Issue: Seasonality obscures other patterns
- Solution: Deseasonalize the data first, show decomposition plot separately, or use seasonal adjustment methods (e.g., X-13ARIMA-SEATS).
Issue: Multiple series have different scales
- Solution: Use dual Y-axes (one left, one right), normalize/standardize series to same scale, or show as percentage change from baseline.
Issue: Forecast seems unrealistic
- Solution: Check forecast model assumptions, verify training data quality, shorten forecast horizon, or show confidence intervals to communicate uncertainty.
Issue: Gaps in time series
- Solution: Interpolate missing values, forward/backward fill, explicitly show gaps, or aggregate to coarser time intervals that have complete data.
Issue: Too many data points make chart slow
- Solution: Aggregate to coarser intervals (hourly to daily), downsample data, use WebGL rendering, or show subset with zoom functionality.

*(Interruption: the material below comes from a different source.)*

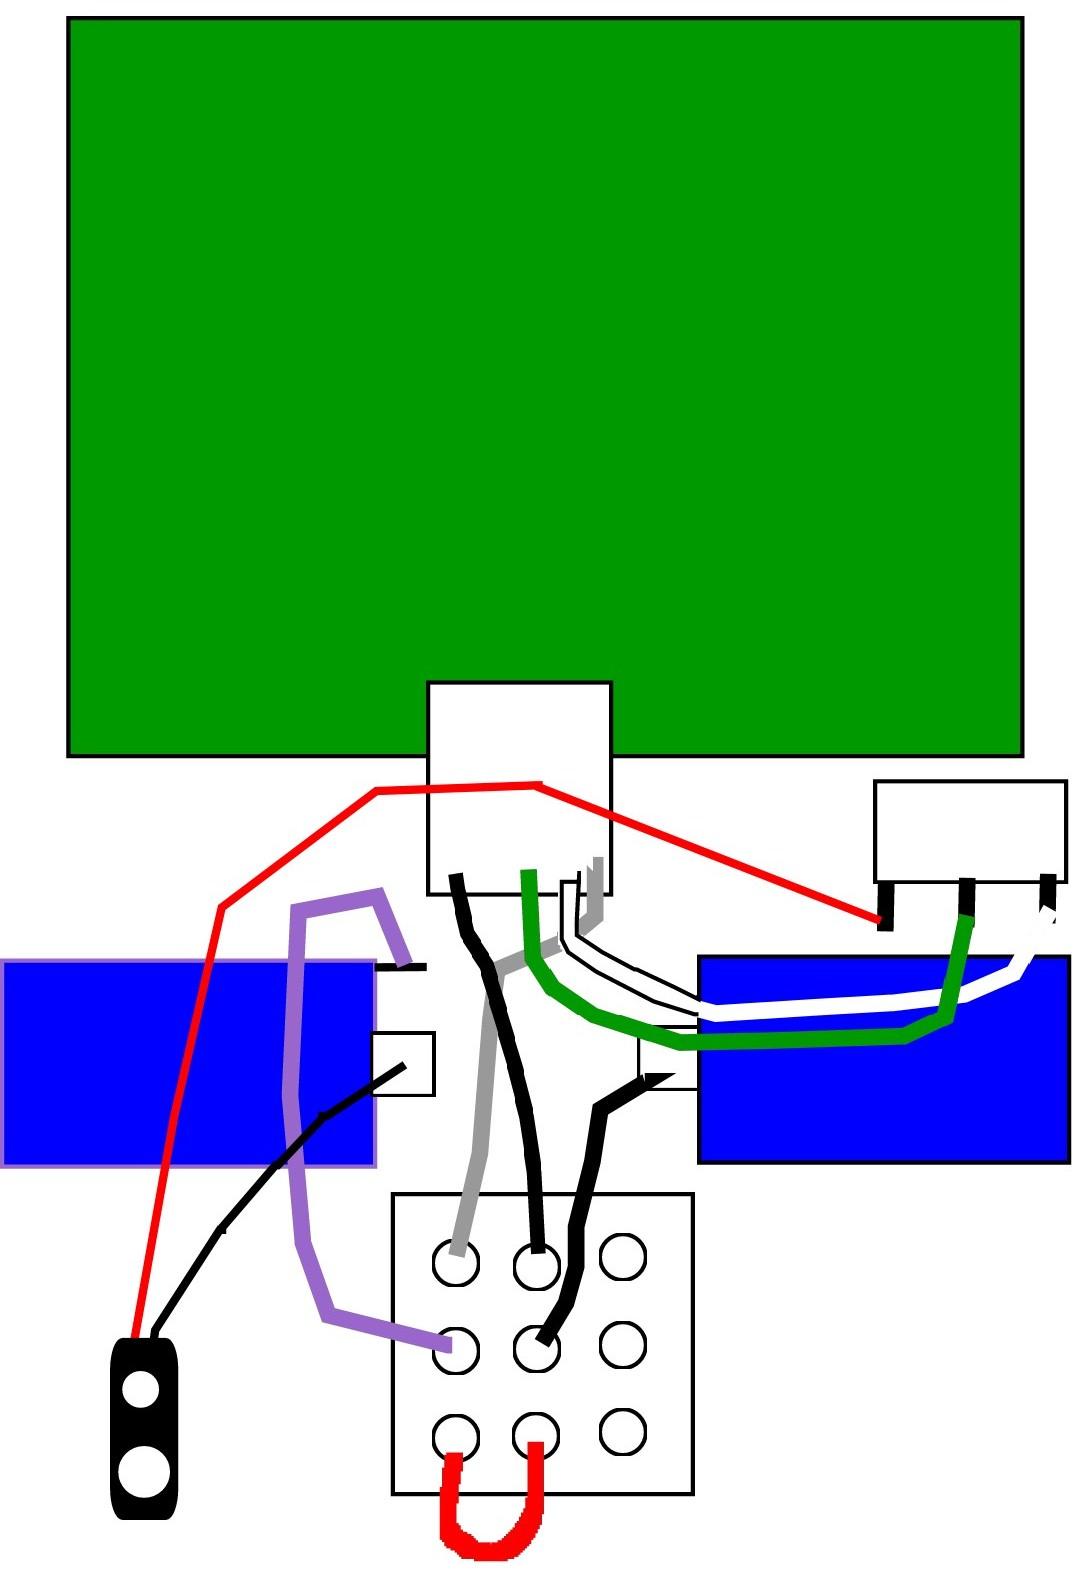 medium resolution of 2 sd hoist wiring diagram electric pallet jack diagram yale cpv hoist wiring diagram yale electric chain hoist wiring diagram

Issue: Can't identify change points or anomalies
- Solution: Add reference lines at key dates, use anomaly detection algorithms, color-code anomalous points, or overlay events/annotations.
Issue: Autocorrelation is not visible
- Solution: Create ACF/PACF plots separately, add lagged versions of series, or use specialized time series decomposition tools.
Issue: Comparing multiple periods is difficult
- Solution: Overlay previous period with transparency, show percentage change vs absolute values, or use small multiples for year-over-year comparison.